A mediodía, el centro de Madrid es un continuo y confuso combate. En el espacio comprendido entre la embocadura de la calle de Alcalá y la carrera de San Jerónimo, la casa de Correos, San Felipe y la calle Mayor hasta los portales de Roperos, hay cadáveres de ambos bandos: franceses degollados y madrileños que yacen en el suelo o son retirados a rastras dejando regueros de sangre, entre relinchos de caballos moribundos. Y la lucha sigue sin cuartel, por una ni otra parte. Los pocos fusiles y escopetas cambian de manos al morir sus dueños, arrebatados por quienes esperan a que alguien caiga para coger su arma. Los grupos dispersos en la puerta del Sol vuelven a reunirse después de cada carga de caballería, y saltando desde los zaguanes y soportales, el claustro del Buen Suceso, la Victoria, San Felipe y las calles adyacentes, acometen de nuevo a cuerpo descubierto, navajas contra sables, trabucos contra cañones, tanto a los dragones y mamelucos que siguen llegando de San Jerónimo y vuelven grupas por Alcalá, como a los soldados de la Guardia Imperial que, bajo el mando del coronel Friederichs, avanzan por Mayor y Arenal, desde Palacio, barriendo las calles con fusilería y fuego de las piezas de campaña que emplazan en cada esquina. Uno de los primeros heridos por estas descargas es el joven León Ortega y Villa, el discípulo del pintor Francisco de Goya, que lleva un rato desjarretando a navajazos caballos de los franceses. Y cerca de los Consejos, tras retirarse ante una carga de jinetes polacos junto a sus feligreses de Fuencarral, el presbítero don Ignacio Pérez Hernández es alcanzado por una andanada de metralla francesa, da unos pasos vacilantes y se desploma. Pese al nutrido fuego enemigo, sus compañeros logran rescatarlo, aunque herido de gravedad, y ponerlo a cubierto. Llevado más tarde y con muchas peripecias al Hospital General, don Ignacio salvará la vida.

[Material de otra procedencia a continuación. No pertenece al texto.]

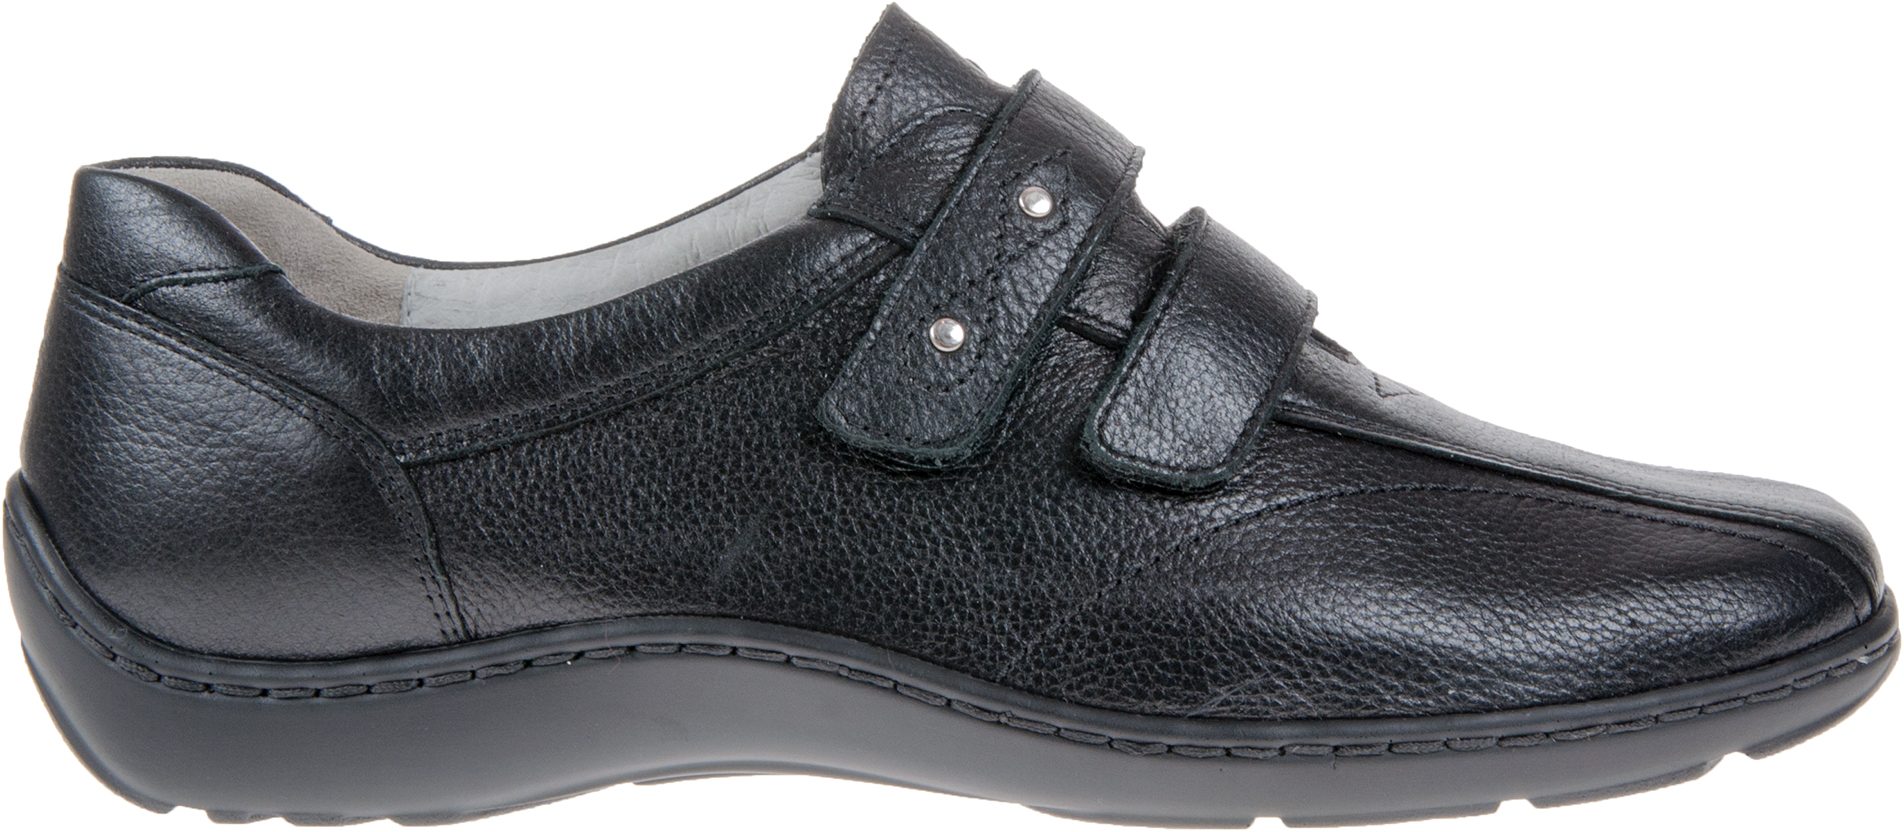 Waldlaufer Henni 301 Black Leather 496301 172 001 - Everyday Shoes ...
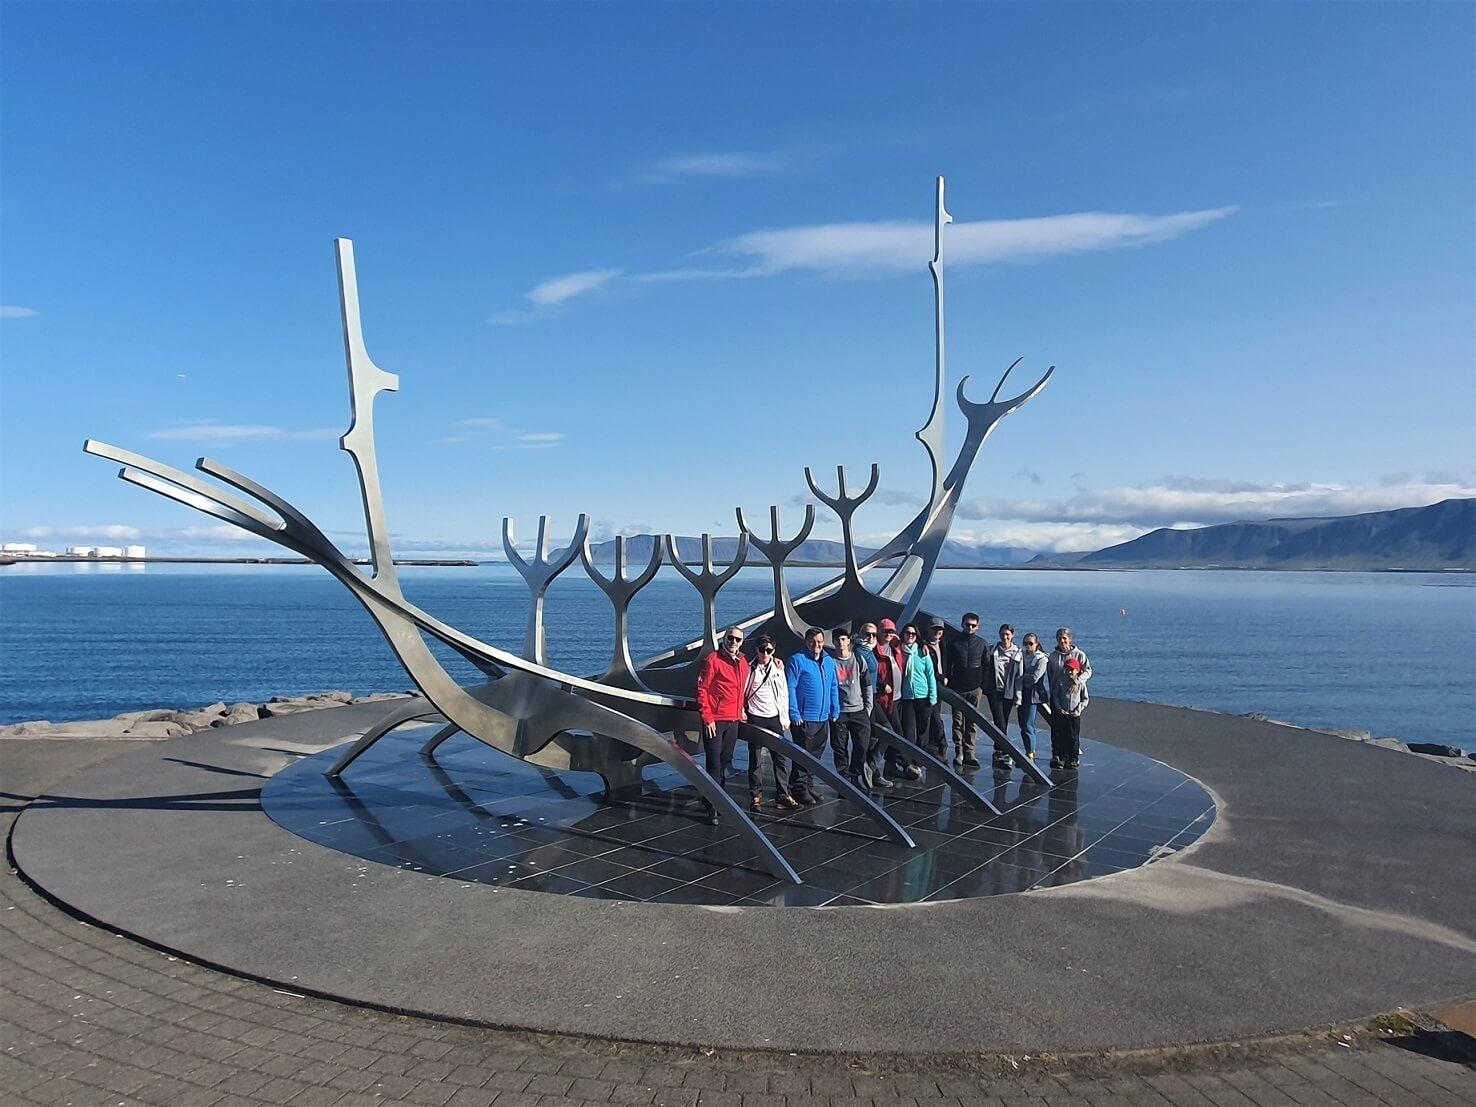 Visitando el Reykjavík con el grupo, barco Solfar

Por toda la ciudad se suceden casos particulares, combates que a veces llegan a ser individuales. Tal es el que libra frente a la residencia de la duquesa de Osuna, en solitario, el carbonero Fernando Girón: topándose en una esquina con un dragón francés, lo desmonta de un garrotazo y, tras rematarlo a golpes, le quita el sable y con él se enfrenta a un pelotón de granaderos antes de ser muerto a bayonetazos. Un mallorquín llamado Cristóbal Oliver, antiguo soldado de Dragones del Rey al servicio del barón de Benifayó, sale de la hostería donde se alojan ambos en la calle de los Peligros, y con un espadín de su amo como única arma, camina hasta la esquina de la calle de Alcalá, donde acomete a cuanto francés pasa a su alcance, mata a uno y hiere a dos; y al rompérsele en el último la hoja del espadín, con sólo la empuñadura en la mano, regresa tranquilamente a su hostería. De ese modo, las relaciones de los combates y sus incidencias registrarán, más tarde, la actuación de muchos hombres y mujeres anónimos, como el que los vecinos de la calle del Carmen ven desde sus ventanas, vestido con ropa de cazador, polainas de becerro y una canana llena de cartuchos, que parapetado en una esquina de la calle del Olivo dispara uno tras otro diecinueve tiros contra los franceses, hasta que, sin munición, arroja la escopeta, saca un cuchillo de monte y se defiende espalda contra la pared, hasta que lo matan. Tampoco llega a saber nadie el nombre del calesero -conocido sólo como El Aragonés - que, emboscado en un zaguán de la calle de la Ternera, dispara un trabuco cargado con puntas de tapicero, a bocajarro, contra todo francés que pasa por la calle. Ni los nombres de cuatro chisperos que pelean a navajazos con unos polacos en la calle de la Bola. Ni el de la mujer todavía joven que, en Puerta Cerrada, tras derribar del caballo a pedradas a un batidor francés mientras le grita «¡date, perro!», lo degüella con su propio sable. Nunca se conocerá, tampoco, el nombre del granadero de Marina desarmado -desertor de su cuartel o del piquete del alférez de fragata Esquivel- que en la calle de Postas pone a salvo a un grupo de mujeres y niños acosado por los franceses; y cayendo luego sobre un dragón desmontado, lo estrangula con las manos desnudas; aunque más tarde, en la relación de bajas de la jornada, figurarán los nombres de tres soldados que hoy visten ese uniforme: Esteban Casales Riera, catalán -muerto-, Antonio Durán, valenciano, y Juan Antonio Cebrián Ruiz, de Murcia.